Website   www.farrislawfirm.com
Twitter   @denisefarris2

Reason for starting
As a young girl, I lived “the best of times, and the worst of times”. I attended a prestigious private girls school in West Palm Beach, FL, but detoured around immediate college. Four years later I was unemployed, a divorced single parent, and feeling like a failure. Enrollment in night time college courses exposed me to a course in State and Federal Government, which lit a fire! I became the first adult continuing education student at University of Missouri – Kansas City to gain accelerated admission into their law school where I graduated with honors. I was immediately employed by one of Kansas City’s largest law firms, but after five years wanted the flexibility to “give back” to the community without clearing it through executive committee channels. The Farris Law Firm LLC was born in 1996 and is now an AV rated, nationally preeminent ranked law firm in the areas of commercial construction and business law, government contracting, and equine law.

How do you define success?
Success is the ability to view your challenges and failures with anticipation and empathy, understanding that its not your successes that build you and your business, but rather withstanding and overcoming the challenges and failures that provide the fire that tempers your strengths to move onwards and upwards to the higher levels.

Biggest Success
In my long career, I am most proud of the work I’ve done “pro bono” (i.e. “free”), in the areas of public policy advocacy training for minority, women and small business owners in general. Its an amazing feeling to be able to educate powerful individuals who have temporarily silenced their voices, where they feel disenfranchised from the political spectrum. The training teaches them how important their input is, from all perspectives, but also teaches them how to review the issues and to provide thoughtful and meaningful input. Good legislation cannot be created in a void, and working with business owners to get their voices heard has been very rewarding.

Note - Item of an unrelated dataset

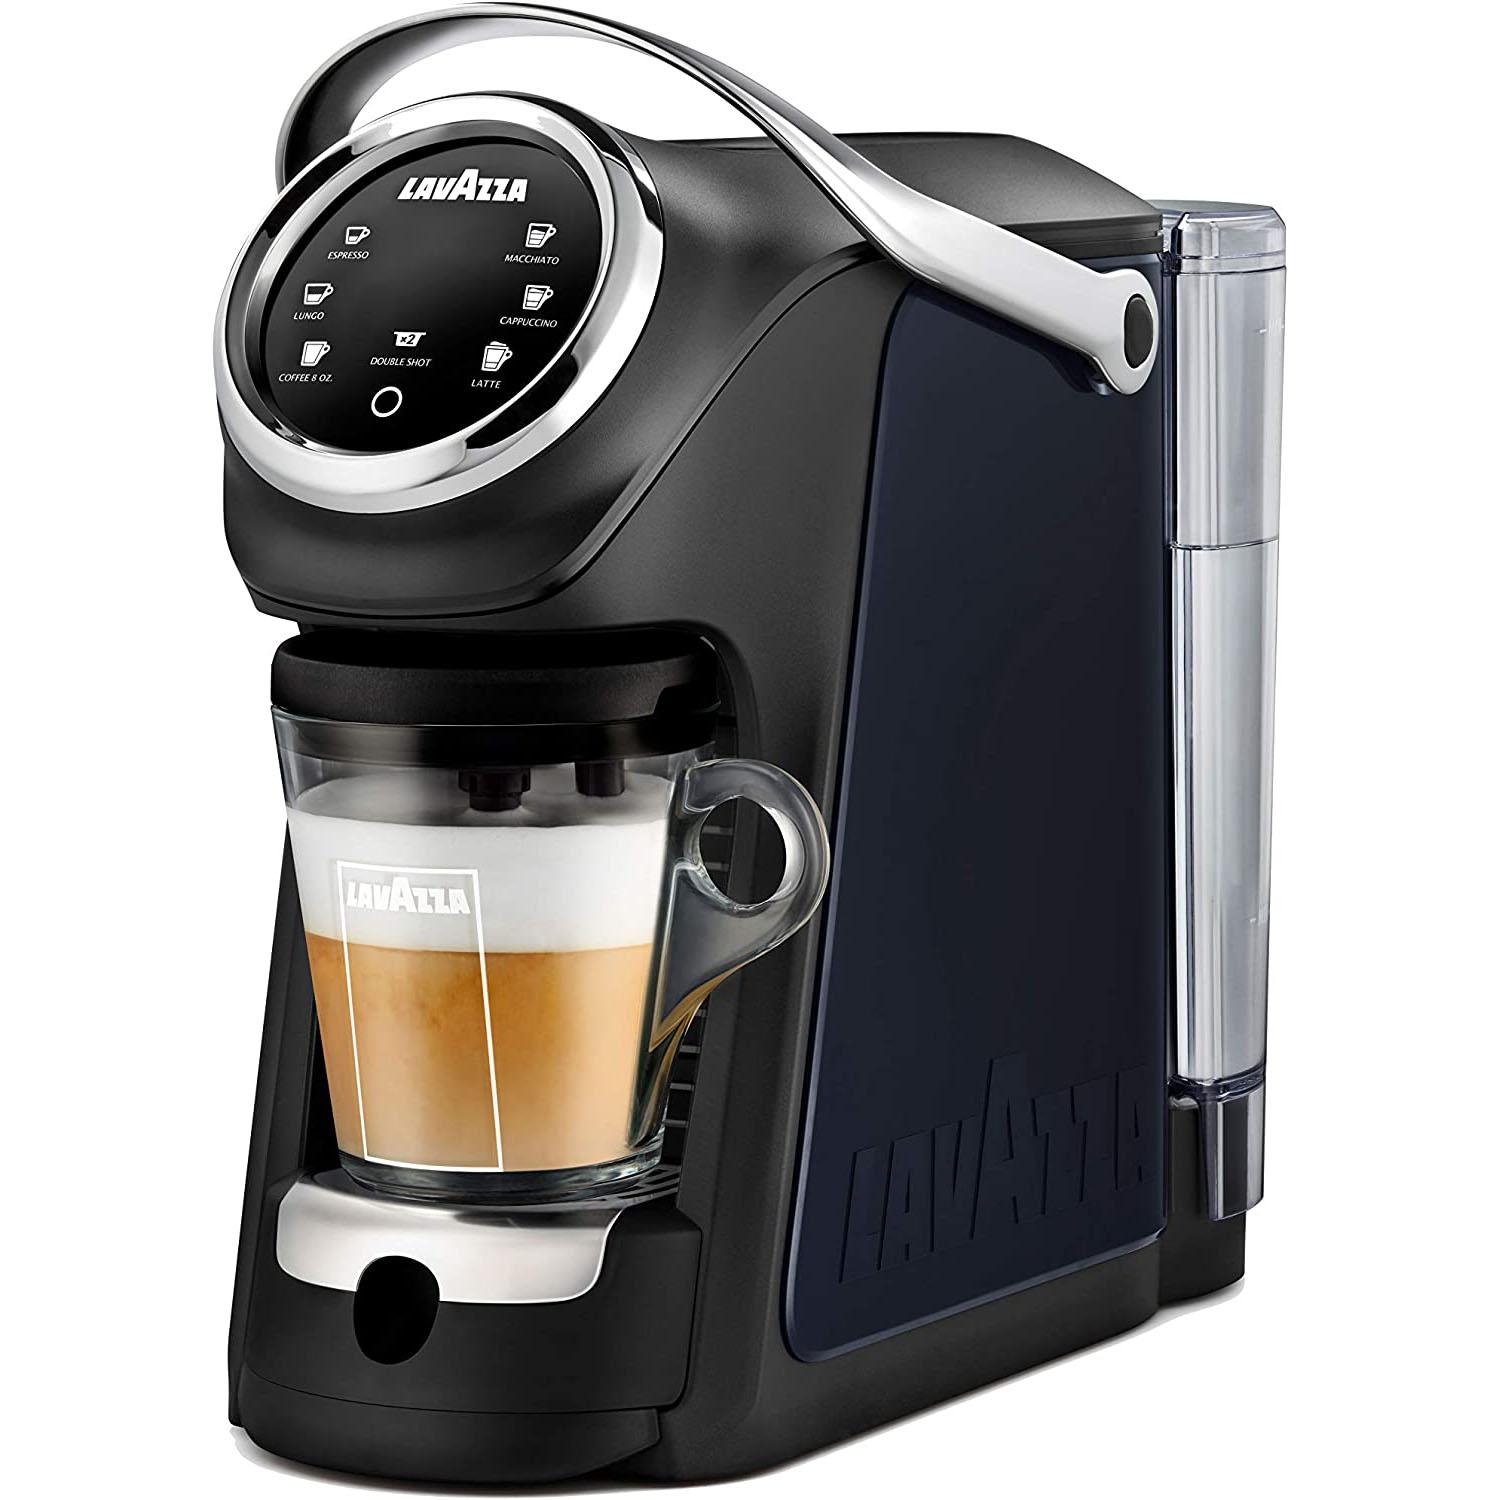 Lavazza Expert Coffee Classy Plus Single Serve Espresso Machine for $113.75 Shipped

What is your top challenge and how have you addressed it? 
At one point early in my career, my employer declared bankruptcy leaving me unpaid for approximately six weeks of work. A single parent at that time, my car was repossessed and I was evicted from my apartment. Seriously depressed, I spent the next six months living off of friends’ couches until I could get back on my feet, get a stable job, and start rebuilding my life. At the time I felt like such a failure and at times, felt suicidal. Incrementally, step by step, I got my life back on track and rebuilt it in a newer, stronger fashion. In retrospect, this was the most valuable lesson in my life. Already experiencing the “loss of everything”, I’m ok with taking chances. Losing material things is uncomfortable but survivable; its people, relationships, helping others, maintaining a sense of humor and “hope” that really matter in life and in business!

Who is your most important role model?
Every person I encounter who demonstrates greeting adversity with grace, a smile, and the acknowledgment they will get through this experience and come out a stronger, better person for having lived it.